Addressing the issue of indefiniteness under 35 U.S.C. 112 ¶2, the U.S. Court of Appeals for the Federal Circuit reversed a summary judgment of indefiniteness regarding the claim term “spaced relationship” and remanded for further proceedings. Biosig Instruments, Inc. v. Nautilus, Inc., Case No. 12-1289 (Fed. Cir., Apr. 26, 2013) (Wallach, J.) (Schall, J., concurring).
Biosig owns a U.S. patent directed to an improved heart rate monitor associated with exercise machines. The patent claimed improvements in heart rate measurements attained by eliminating interfering signals given off by skeletal muscles during exercise (EMG signals). The patent described a cylindrical bar with sensors intended to be gripped by both hands to measure heart signals. The claim in issue recited a live electrode and a common electrode mounted on each end of the cylindrical bar, where the electrodes were in a “spaced relationship with each other.”

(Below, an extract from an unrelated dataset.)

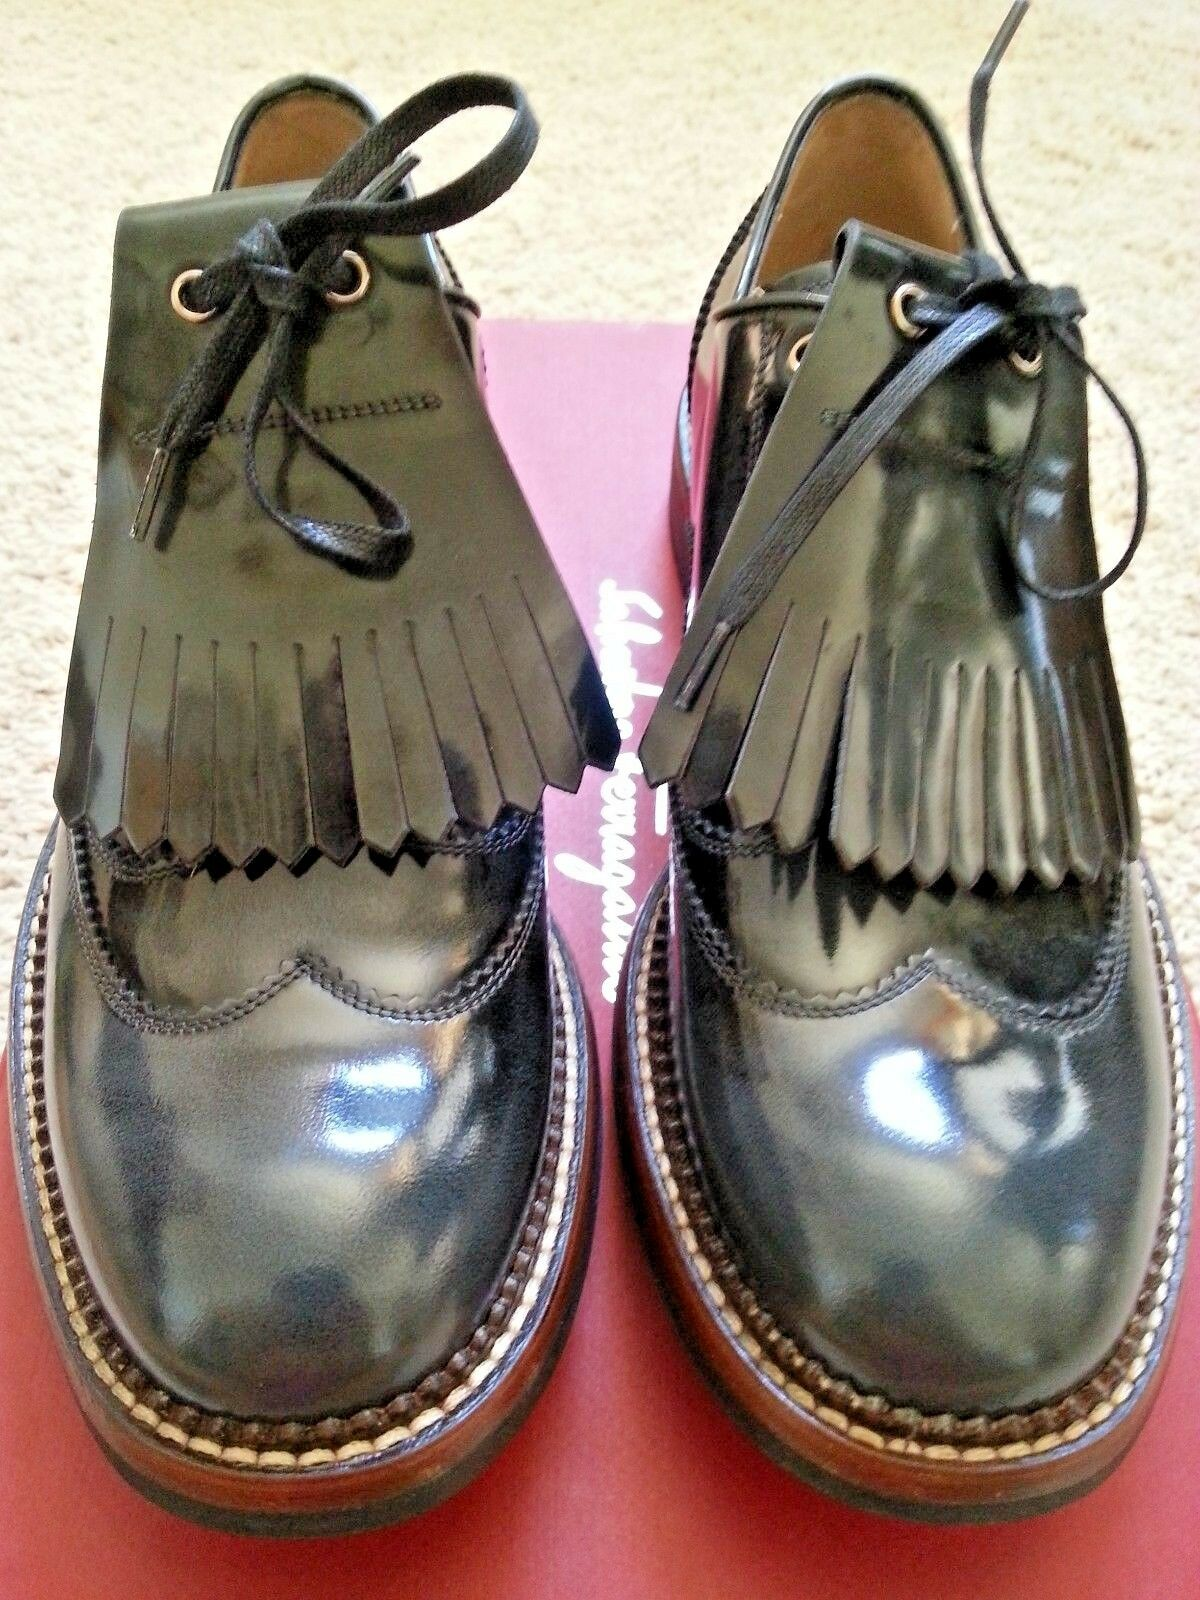 NEW  895 Salvatore Ferragamo Rueda Leather Lace-Up Smoked Black Oxfords 7 M

Under § 112 ¶2, the scope of the claims must be sufficiently definite to inform the public of the bounds of the protected invention. A claim is indefinite when it is “not amenable to construction” or “insolubly ambiguous.” The district court had construed the term “spaced relationship,” thus the Federal Circuit found that the term was amenable to construction and would be indefinite only if it was insolubly ambiguous.
The Federal Circuit decided a person of ordinary skill would not find the term “spaced relationship” insolubly ambiguous, because the claim language, specification and figures disclosed certain inherent parameters delineating the boundaries of the claim. The Court noted the maximum distance between the live and common electrodes cannot be greater than the width of a user’s hands because the patent required the live and common electrodes to independently detect electrical signals at two distinct points of a hand. Likewise, the distance cannot be so small so as to merge into a single electrode. The Court also faulted the district court’s inquiries into “the size of a user's hands, placement of fingers, and the composition of the handle” as possibly relevant to a enablement inquiry under § 112 ¶1, but not an indefiniteness analysis under § 112 ¶2.
The Federal Circuit found that a “whereby” clause contained in one of the claims described the function of substantially removing EMG signals was “highly relevant” in ascertaining the proper bounds of the claim term, noting the U.S. Patent and Trademark Office (USPTO) had found this function crucial to overcoming prior art during reexamination. When a claim limitation is defined in purely functional terms, determining whether the limitation is sufficiently definite is highly dependent on context. The Court cited evidence in the record showing that those skilled in the art could, with some experimentation, determine the “spaced relationship” between the electrodes that would result in removal of EMG signals.
The Court ultimately held the term “spaced relationship” was not indefinite because it was amenable to construction and because the patent provided inherent parameters sufficient for a skilled artisan to understand the boundaries of the term.
The concurring opinion agreed that the district court erred in its finding of indefiniteness, but faulted the majority analysis for presuming a functional linkage between the “spaced relationship” limitation and the removal of EMG signals.